Comment by JackC
3 hours ago
"They may speed up the good programmers a little, but those people were able to program anyway without LLMs."
I don't think this is realistic. I'm a good programmer, and it speeds up my work a lot, from "make sense of this 10 repo project I haven't worked on recently" to "for this next step I need a vpn multiplexer written in a language I don't use" to, yeah, "this 10k line patch lets me see parts of design space we never could have explored before." I think it's all about understanding the blast radius. Sonetimes a lot of code is helpful, sometimes more like a lot of help proving a fact about one line of code.
Like Simon says, if I'm driving by someone else's project, I don't send the generated pull request, I just file the bug report / repro that would generate it.
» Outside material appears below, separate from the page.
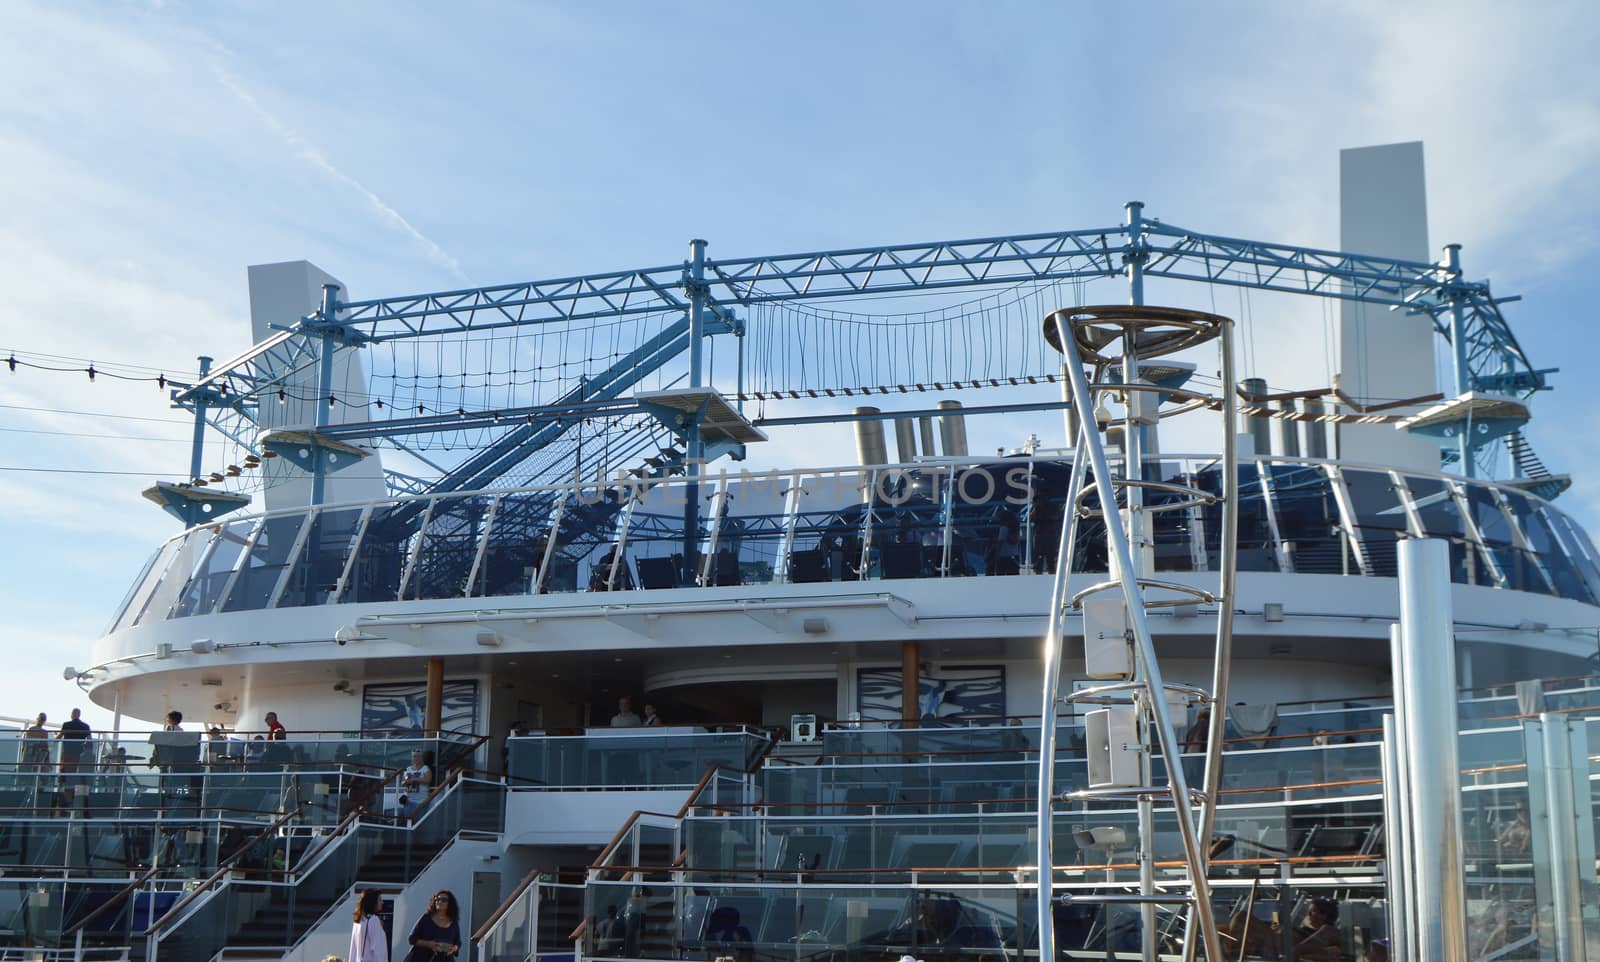 View of the upper deck of the cruise liner MSC Meraviglia, recreation area and amusement Park with rope ladders, October 7, 2018 by claire_lucia

I use LLM as a tutor. It tailor their answers exactly to the situation I am in, even if it hallucinate. I can correct them on the fly and that also serves as training. I try not copy and paste and type every line of code by hand. That doesn't always happen, but I usually understand the code I am writing.
> I'm a good programmer, and it speeds up my work a lot
The problem with this line of thinking is the same with "I so good as C developer, my code is so-safe!".
And we see what reality instead tell: Yes, exist people where this claims are true, not, is not even a decently sized minority.
> to "for this next step I need a vpn multiplexer written in a language I don't use"
but that acceleration is exactly because you're not good at that language
Can't we reach a compromise where proven track record of good use of LLM by a contributor or a company (eg. Bun) be pre-approved or entertained? Blanket ban on a new technology shouldn't be the default option.
No.
yep. as an expert programmer there are things i did not have access to. for example, i have an embedded-lite hardware project that required a one line patch to a linux kernel Module.
i know what a kernel module is and im reasonably certain that the patch is safe, but there is no way in hell i would have found that solution (i would have given up). in a world without llms, the project would have died.
It's great when I know how the code should look. Sometimes I just can't bring myself to write yet another http handler.